How do I know if omnistaging broke my code?#
The easiest way to tell if omnistaging is responsible is to disable omnistaging and see if the issues go away. See the What issues can arise when omnistaging is switched on? section below.
How can I disable omnistaging for now?#
Note: this applies to JAX versions 0.2.0 through 0.2.11; omnistaging cannot be disabled in JAX versions 0.2.12 and higher
It is temporarily possible to disable omnistaging by
setting the shell environment variable
JAX_OMNISTAGING
to something falsey;setting the boolean flag
jax_omnistaging
to something falsey if your code parses flags with absl;using this statement near the top of your main file:
jax.config.disable_omnistaging()
How do I fix bugs exposed by omnistaging?#
By far the most common issue with omnistaging is using jax.numpy
to compute
shape values or other trace-time constants. See the code block below for a quick
example, and for full details along with other issues see the section What
issues can arise when omnistaging is switched
on?.
Instead of this:
@jit
def f(x):
input_size = jnp.prod(x.shape)
if input_size > 100:
...
do this:
import numpy as np
@jit
def f(x):
input_size = np.prod(x.shape)
if input_size > 100:
...
Instead of thinking of jax.numpy
as a drop-in replacement for numpy
, it’s
now better to think of using jax.numpy
operations only when you want to perform a
computation on an accelerator (like your GPU).
What is “omnistaging” and why is it useful?#
Omnistaging is the name for a JAX core upgrade aimed at staging out more
computation from op-by-op Python to XLA, and avoiding any “trace-time constant
folding” in jit
, pmap
, and control flow primitives.
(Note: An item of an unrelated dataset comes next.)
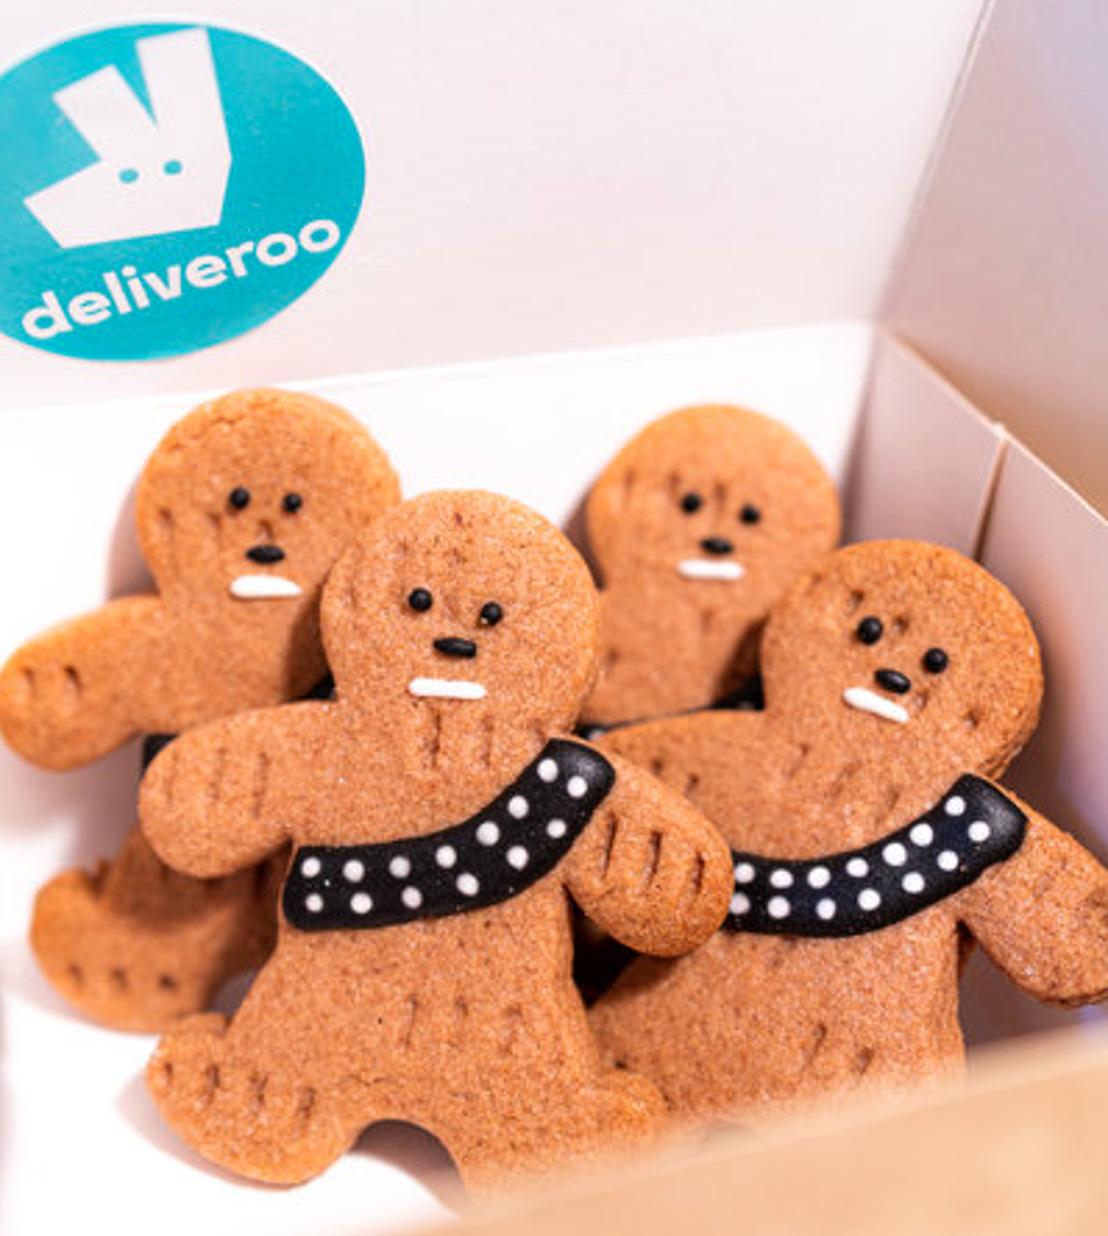 Des cookies galactiques livrés chez vous, pour le dernier épisode de la saga, grâce à DELIVEROO !

As a result, omnistaging
improves JAX’s memory performance (sometimes dramatically) both by reducing
fragmentation during tracing and by producing fewer large compile-time constants
for XLA. It can also improve tracing performance by eliminating op-by-op
execution at tracing time. Further, omnistaging simplifies JAX core internals,
fixing many outstanding bugs and setting the stage for important upcoming
features.
The name “omnistaging” means staging out everything possible.
Toy example#
JAX transformations like jit
and pmap
stage out computations to XLA. That
is, we apply them to functions comprising multiple primitive operations so that
rather being executed one at a time from Python the operations are all part of
one end-to-end optimized XLA computation.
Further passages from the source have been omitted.